Los conflictos entre padre e hijo no
tardaron en llegar. Tras su recuperación, Felipe II le nombró miembro del
Consejo de Estado en 1564, en un último intento por fingir normalidad, y
barajó la posibilidad de casarlo con María Estuardo o con Ana de
Austria, la cual sería posteriormente la cuarta esposa del Rey. Pero dentro
de su mente enferma, sus prioridades eran otras. Obsesionado con los Países
Bajos –en ese
momento en rebeldía contra Felipe II–, contactó con varios de esos líderes rebeldes, como
el moderado Conde de Egmont o el Barón de Montigny, para organizar su
viaje a Bruselas, donde pretendía proclamarse su soberano. En efecto, el Rey en
el pasado había sopesado la posibilidad de que su hijo gobernara allí, pero las
actuales circunstancias políticas y la mala salud mental del Príncipe
descartaban por completo esta opción.
En una reunión mantenida con Don
Juan de Austria, al que pidió ayuda para fugarse a Italia, el Príncipe le
comunicó sus planes. El general español le reclamó veinticuatro horas a su
sobrino para tomar una decisión, e inmediatamente salió a informar al Rey.

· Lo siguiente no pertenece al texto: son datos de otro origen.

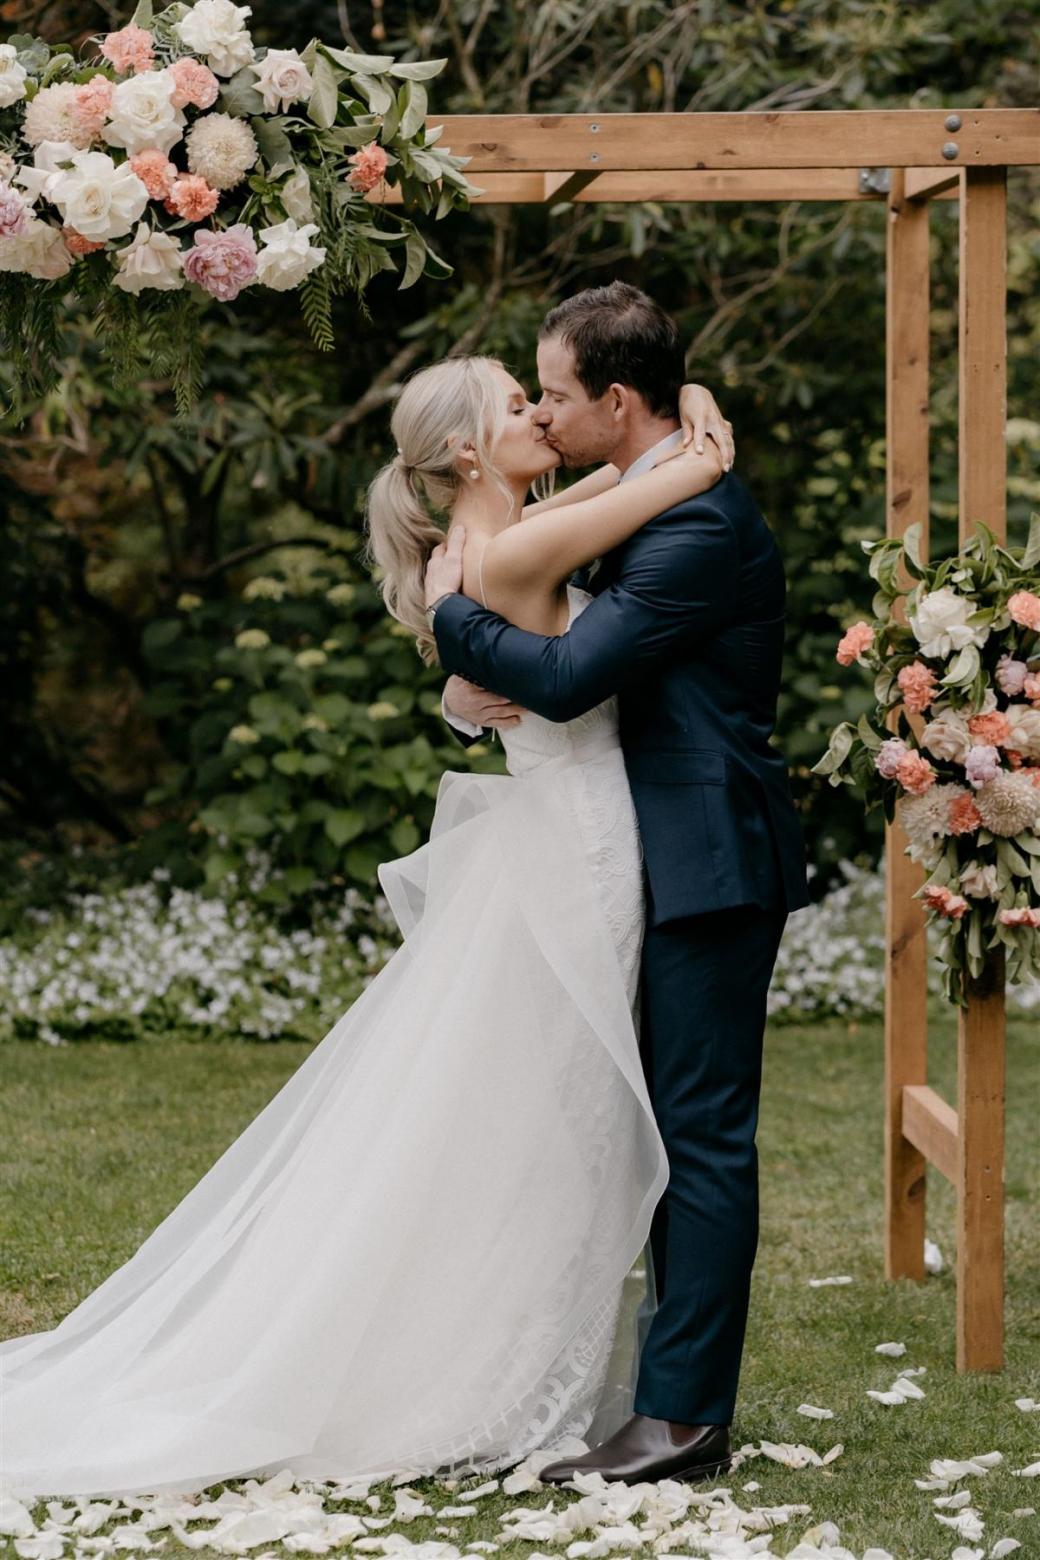 KWH bride Ashleigh and Adrian sharing a kiss at their country wedding; Ashleigh wears the dramatic Oval Trains with her Elodie gown by Karen Willis Holmes for ceremony look.

Advertido de la traición –según varios informadores–, Don Carlos cargó una
pistola y pidió a su tío que regresara a sus aposentos. La pistola no pudo
efectuar el disparo que habría matado
al futuro héroe de Lepanto, puesto que fue descargada previamente por un
cortesano, pero Don Carlos se abalanzó daga en mano contra Don Juan de Austria,
que, superior en fuerza y habilidad en el combate, redujo a su sobrino. «¡Qué
vuestra Majestad no dé un paso más», gritó, apuntándole con su propia daga.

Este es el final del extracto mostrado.